• REQUIREMENT
When a picture appears in the listing, leave it out and copy the rest exactly as it stands.

• COLLECTED DATA
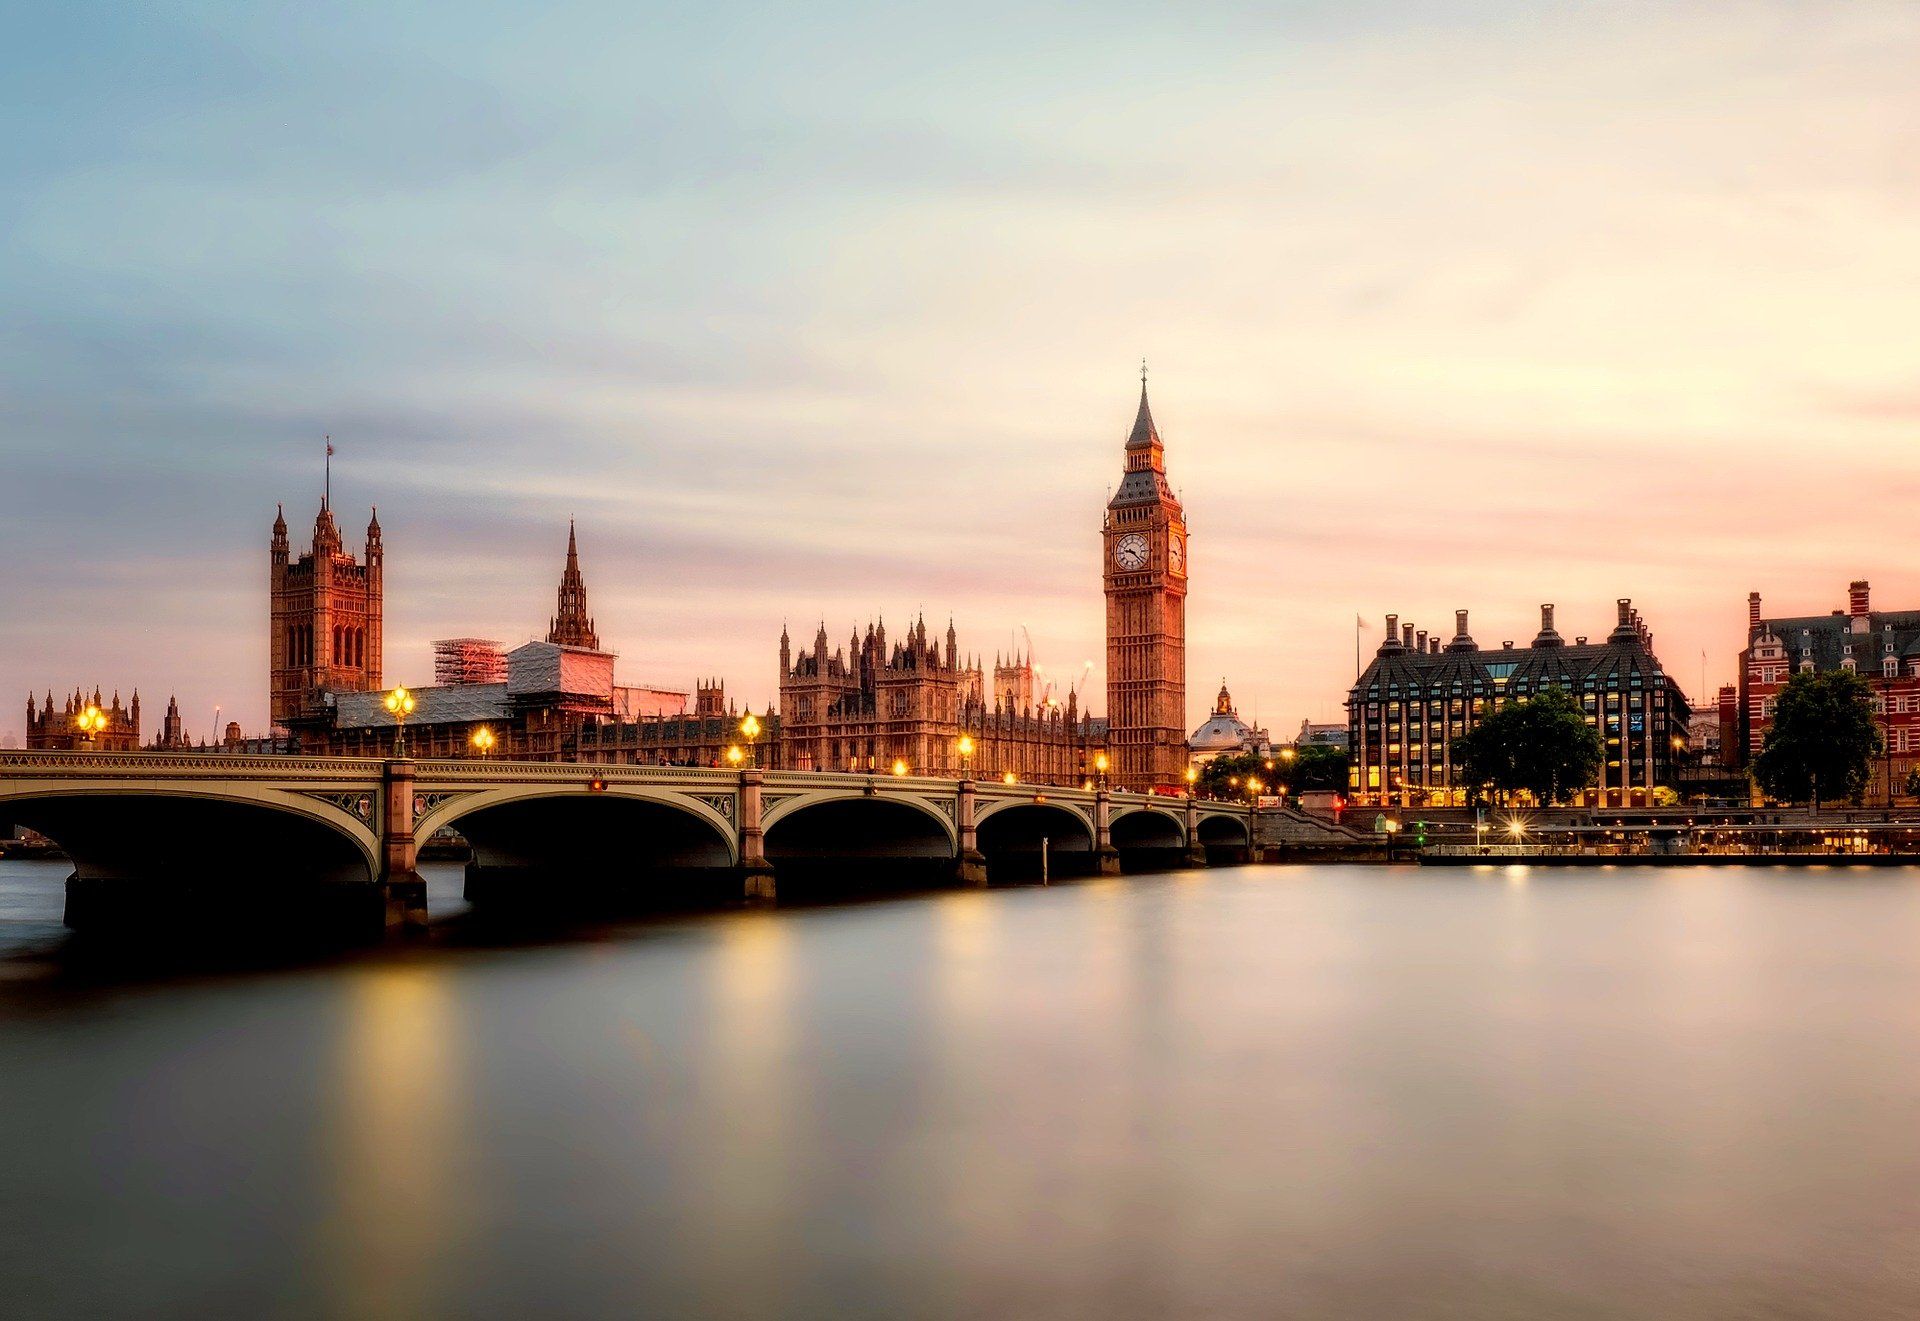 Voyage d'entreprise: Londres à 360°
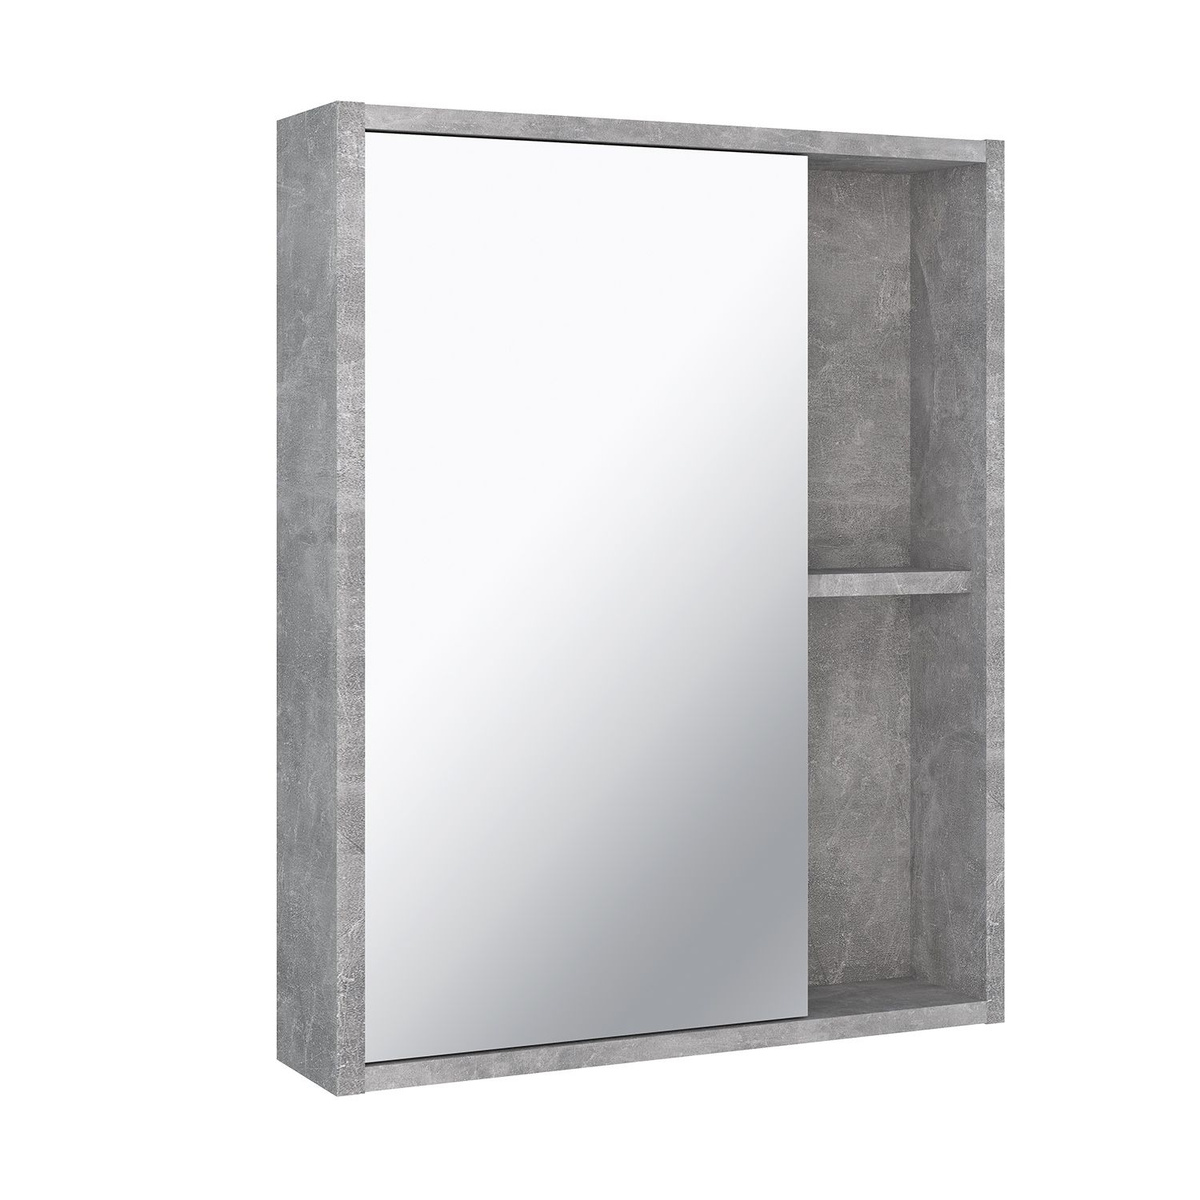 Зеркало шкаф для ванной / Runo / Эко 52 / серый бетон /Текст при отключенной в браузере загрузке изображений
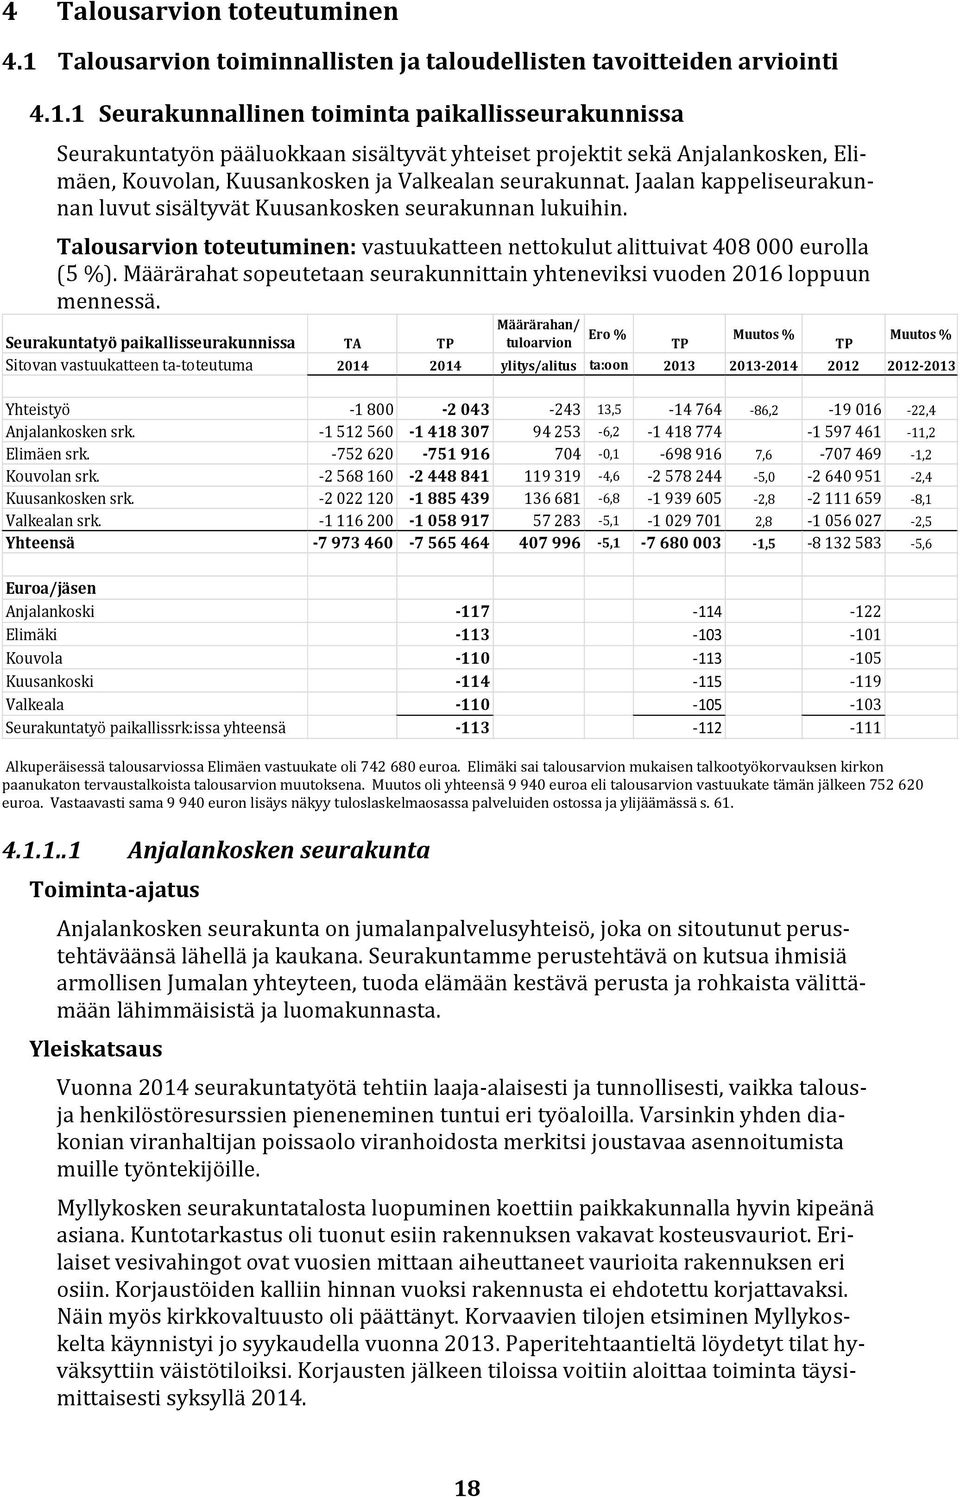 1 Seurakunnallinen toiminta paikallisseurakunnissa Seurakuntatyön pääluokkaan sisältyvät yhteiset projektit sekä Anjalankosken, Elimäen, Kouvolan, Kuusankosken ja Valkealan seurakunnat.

• EXERCISE SOLUTION
 Voyage d'entreprise: Londres à 360°
 Зеркало шкаф для ванной / Runo / Эко 52 / серый бетон /Текст при отключенной в браузере загрузке изображений
 1 Seurakunnallinen toiminta paikallisseurakunnissa Seurakuntatyön pääluokkaan sisältyvät yhteiset projektit sekä Anjalankosken, Elimäen, Kouvolan, Kuusankosken ja Valkealan seurakunnat.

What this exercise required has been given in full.